2007-08-20

Thanh Nien: Air authorities fight police over sword-wielding cop

[Follow-up] This yarn was originally sited in a post to the VNBiz mailing list where it was used as an example of how laws must be braced by ethics in both the judicial and enforcement arms of a nation's legal system. 

Today, a mere two days later, the online English edition of Vietnam's Thanh Nien newspaper reports, "Central Vietnam's airport authorities have asked police to review their decision to press no criminal charges".

We'll let Thanh Nhien fill the gaps via rather long excerpts from their report, " Air authorities fight police over sword-wielding cop scandal".  Sounds like quite a circus act:

Security guards at Da Nang airport arrested Do Hoai Phuong Minh, a policeman on vacation, on August 11, accusing him of attempting to attack them with a sword after being told he could not park in a no-parking zone.

When told to park in a designated area, Minh allegedly went ballistic and insulted the guards before chasing them with a large blade. Guards found another sword in his car after he was apprehended. 

[Ed: Thanh Nhien foots the story with, "Reported by Thanh Nien staff – Translated by The Vinh".  The Vinh must be among the Vietnam media's elite translators.  After over a decade of reading English versions of the Vietnamese press, its hard to believe there's a translator in there familiar with the expression, "to go ballistic". - ADM]




The incident stirred widespread public outrage as many demanded that Minh be charged with preventing officials from executing duty and illegally possessing and using a primitive weapon, crimes which carry jail terms of up to two and three years, respectively.

The Hai Chau district police, however, decided last Thursday that Minh's violations were "disturbing public order" and "trading and transporting a primitive weapon", and fined him VND5 million (US$38) and confiscated his swords instead.

On the same day, the Central Airport Authority, which manages the Da Nang airport, sent a letter to Da Nang police leaders in protest of the decision.

...

Fact gaps

The police said Minh had not attempted to attack the guard with his sword.

Minh was just "rearranging the luggage in his car trunk," the police report said. He then "took a 1-meter long sword [from the trunk] and unsheathed it" before being brought down by three security guards.

The report did not mention why he unsheathed the sword. However, it did say that Minh had had a quarrel over his illegal parking with the guards before the incident.

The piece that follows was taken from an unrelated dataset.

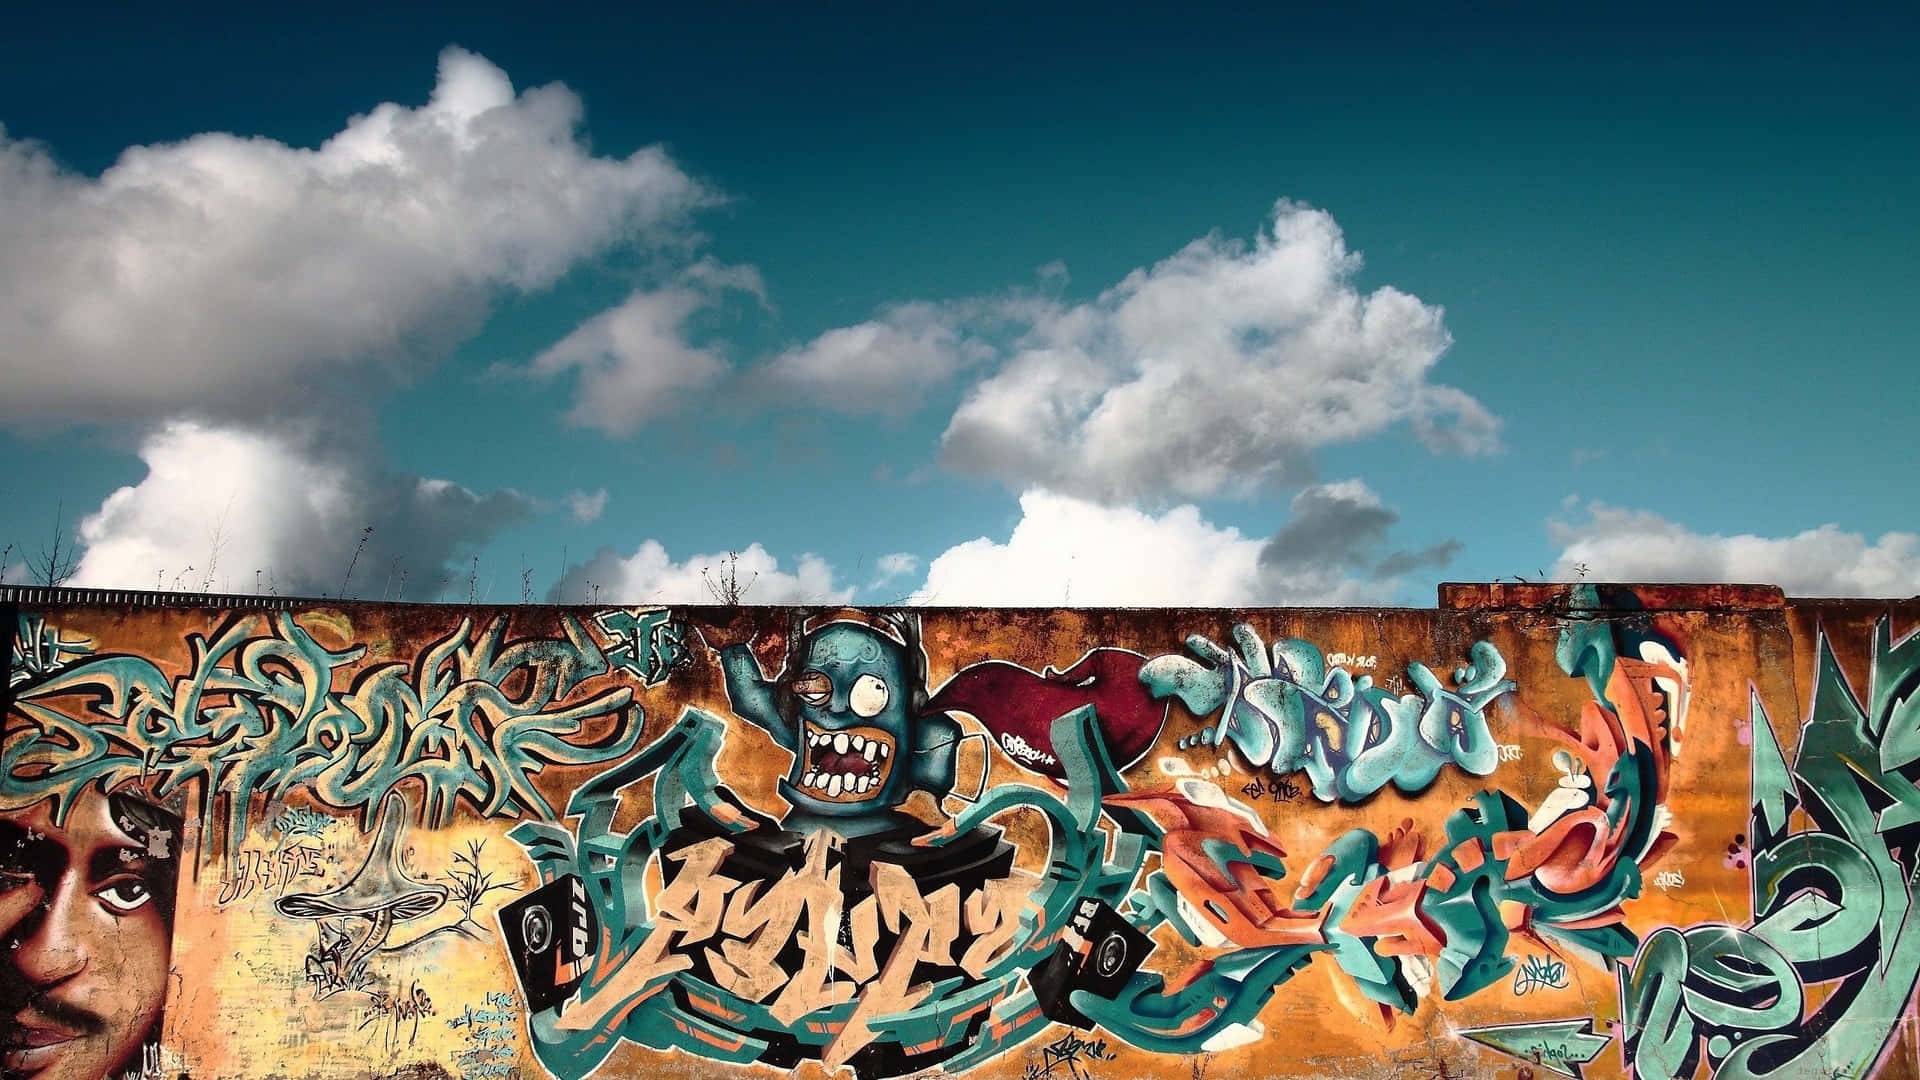 Colorful Graffiti Mural On Berlin Wall And Blue Skies Background

It quoted him as saying that if the guards dared to take off their uniform, "I'd beat you dead." His fried Truc [Ed: wait.. what?!], whom Minh had picked up, also said that, "I'll call someone and you'll all be sacked."

Pham Phu My, Vice Director of the airport's security center told Thanh Nien he stuck to the security guards' report.  "We told the truth and the truth only," he stressed.

Gun story

Minh, a traffic policeman from the southern Binh Duong province, told the police he had bought the two swords, which looked like those of Japanese samurais, as "souvenirs" several days earlier.

His father, Do Van Cong, who is the Communist Party secretary of a Binh Duong district, told the media after the scandal that "if [Minh's violations are] worth jail term, he must be jailed."

After the Da Nang police report, the Binh Duong police department suspended Minh for three months.  It also promised to reopen a probe into a 2000 incident in which Minh fired a gun at a karaoke parlor employee for allegedly refusing to "go out" with him.  Investigators found four bullets at the scene. Minh, however, claimed the gun "went off accidentally."

He was internally disciplined by police but was charged with no crime.

Minh's arrest this time also brought notoriety to a deputy head of Danang's Hai Chau district police, senior lieutenant-colonel Vo Tuong.  Tuong defended Minh in an interview with Thanh Nien, refusing to refer to Minh's weapons as "swords", saying that they "did not carry labels."